### INPUT MATERIAL

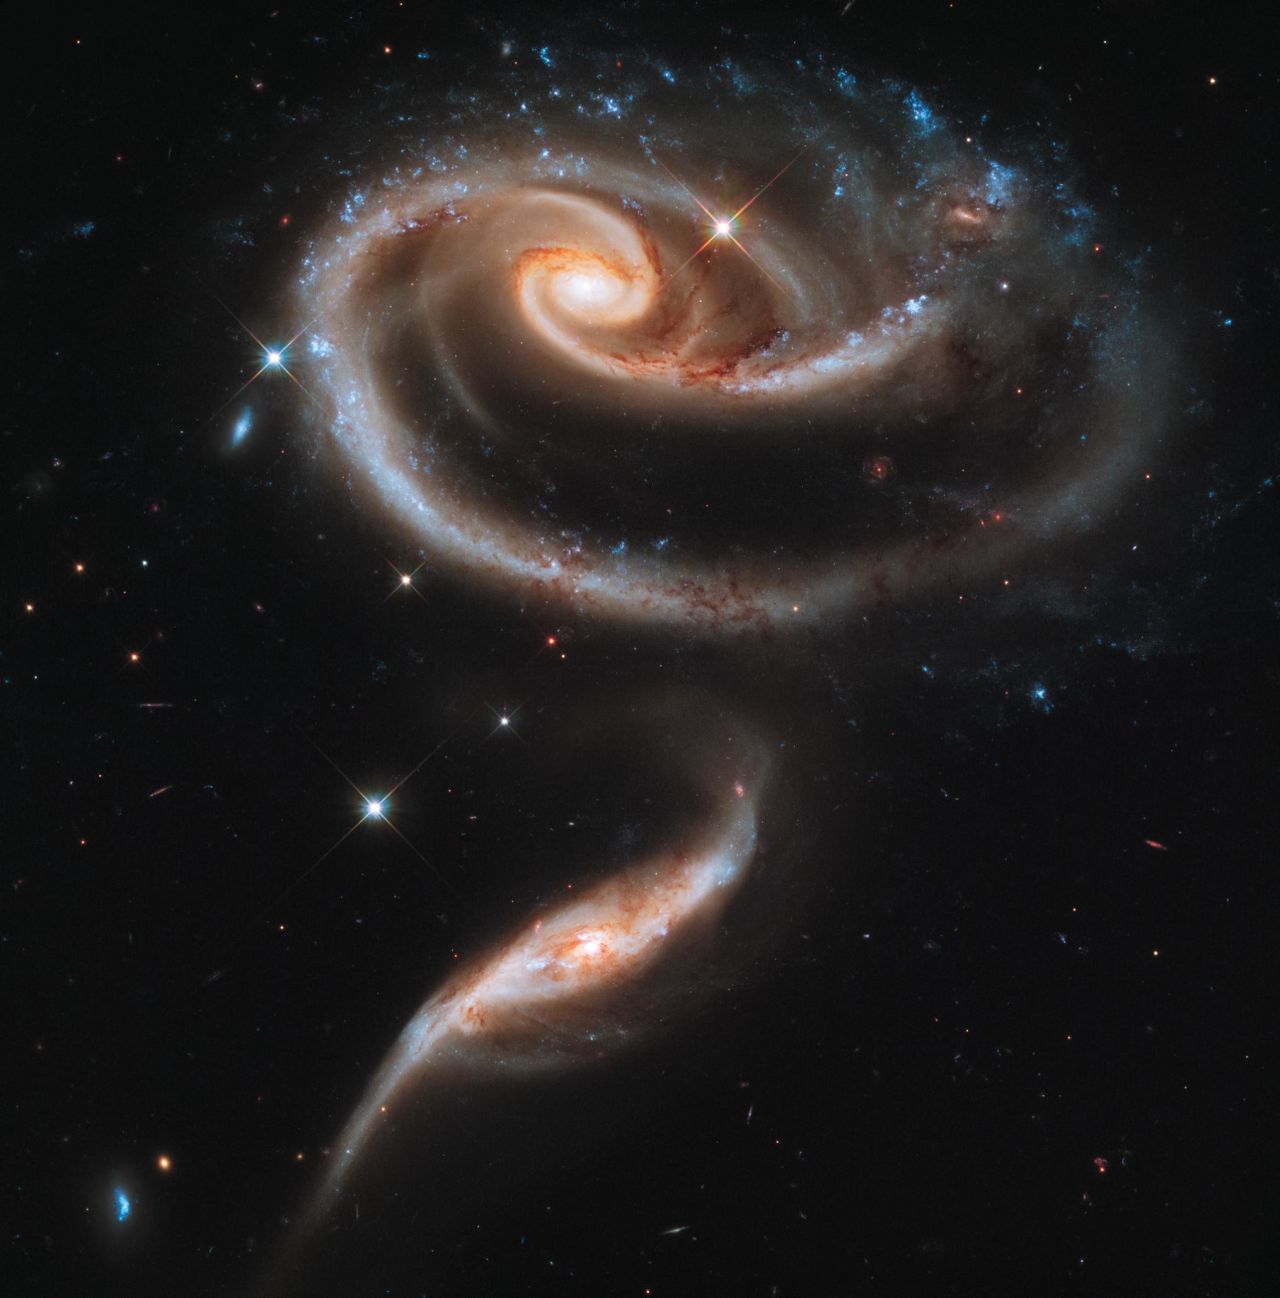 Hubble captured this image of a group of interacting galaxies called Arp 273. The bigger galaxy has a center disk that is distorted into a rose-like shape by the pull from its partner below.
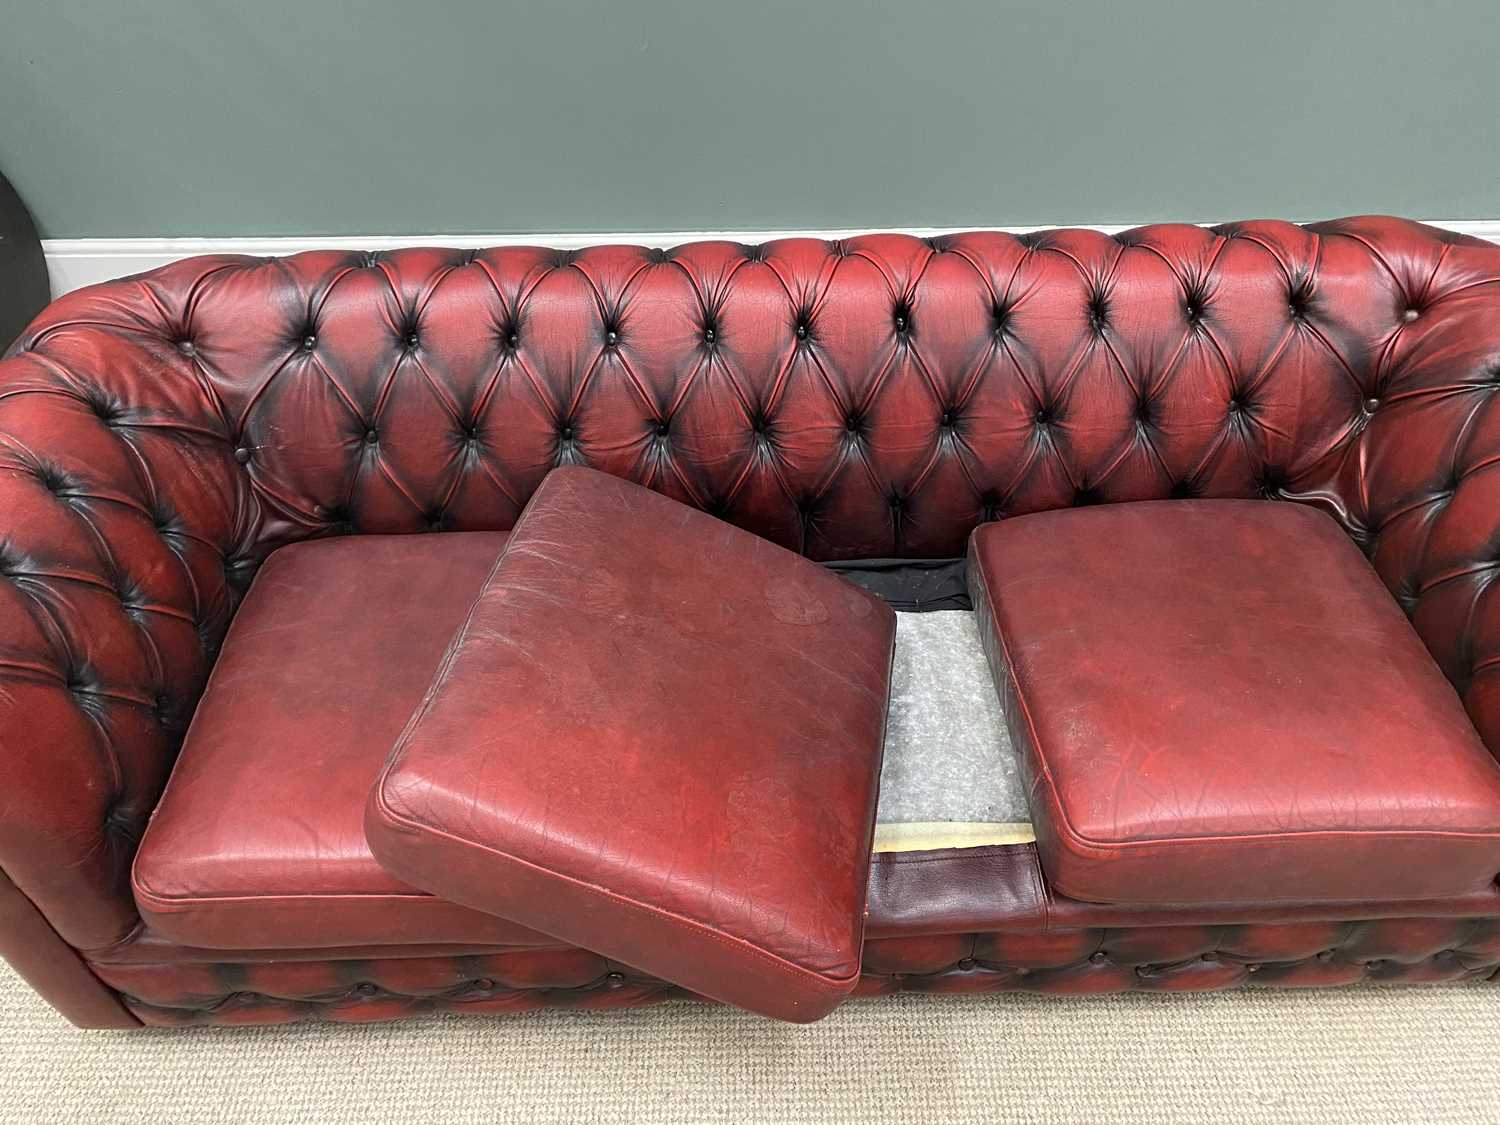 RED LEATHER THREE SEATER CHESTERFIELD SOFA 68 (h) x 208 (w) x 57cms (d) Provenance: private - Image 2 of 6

######
### INPUT MATERIAL

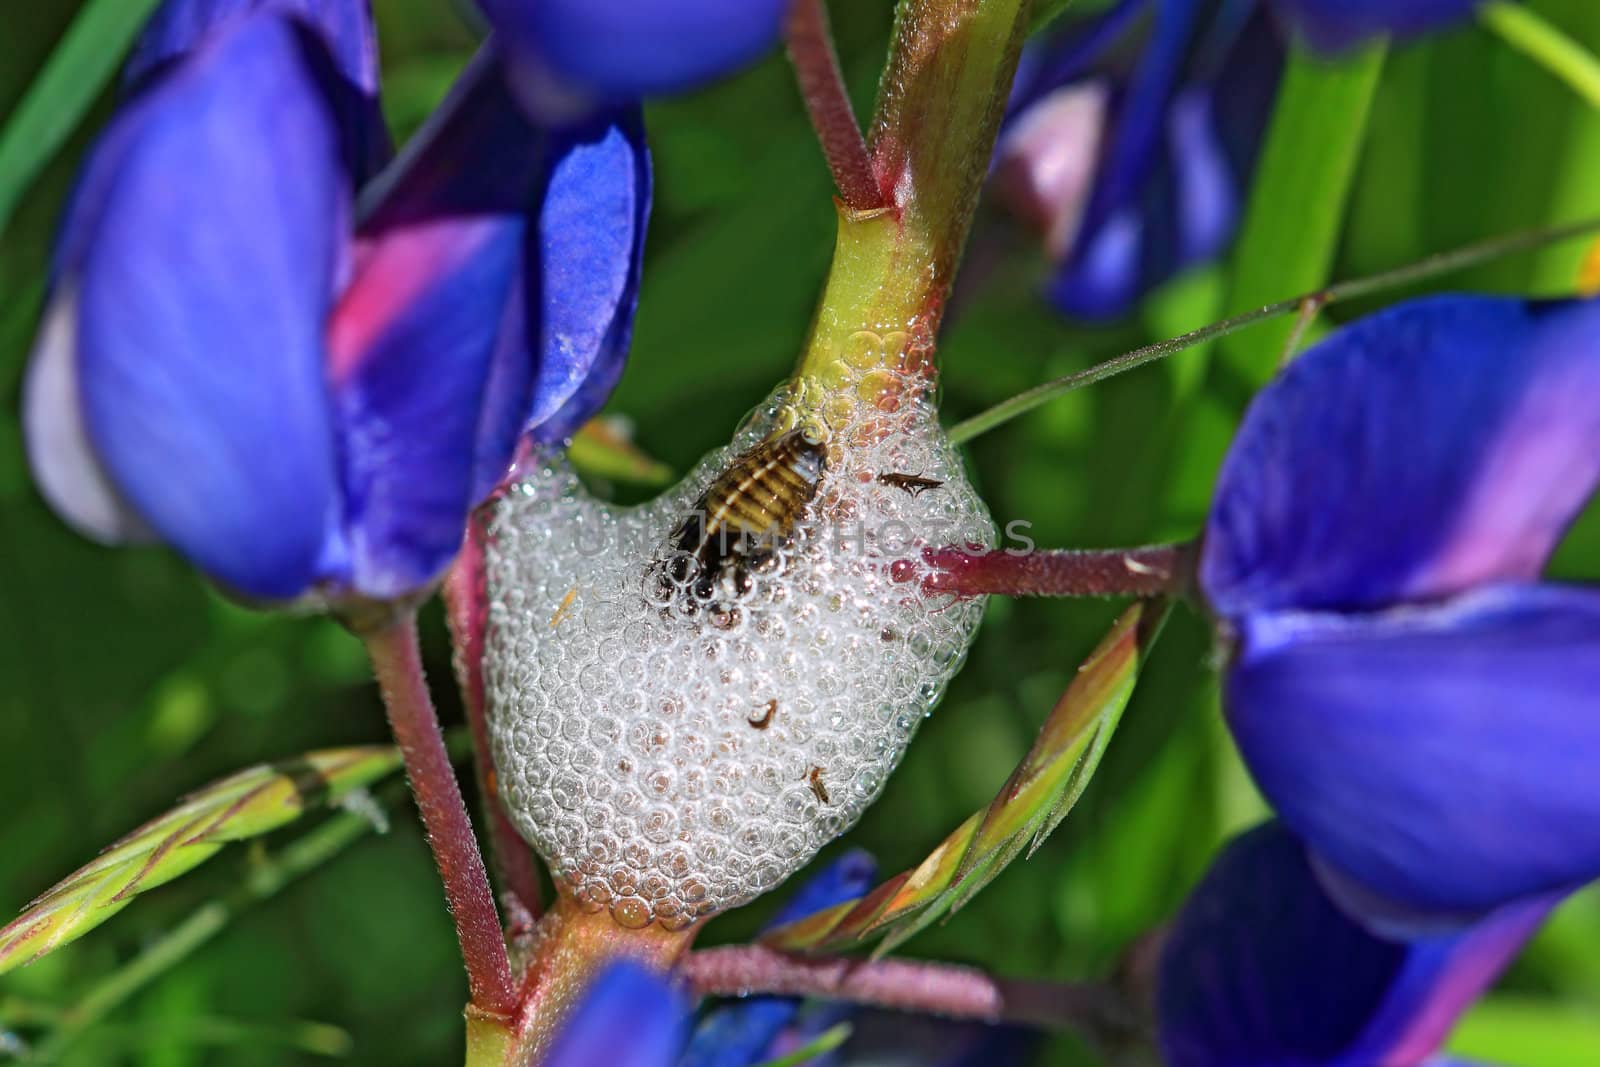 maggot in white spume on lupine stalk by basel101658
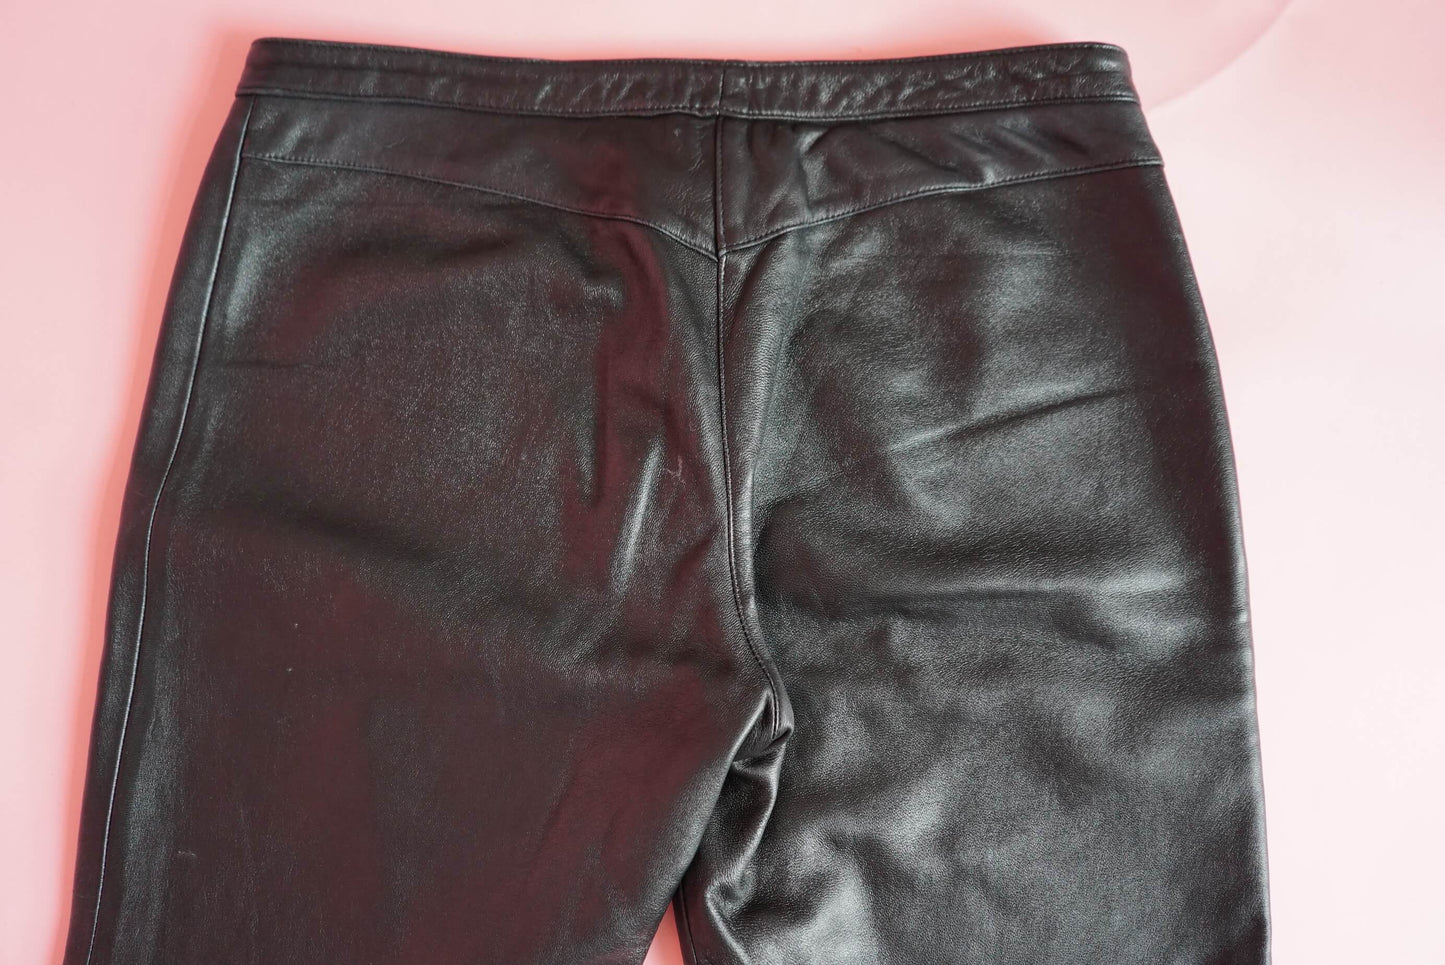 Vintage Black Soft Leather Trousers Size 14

######

EXERCISE → What are the lines in the records above, word for word, from the one containing "Hubble captured this" through the one containing "RED LEATHER THREE", both ends included and pictures left out?

ANSWER SPACE →
 Hubble captured this image of a group of interacting galaxies called Arp 273. The bigger galaxy has a center disk that is distorted into a rose-like shape by the pull from its partner below.
 RED LEATHER THREE SEATER CHESTERFIELD SOFA 68 (h) x 208 (w) x 57cms (d) Provenance: private - Image 2 of 6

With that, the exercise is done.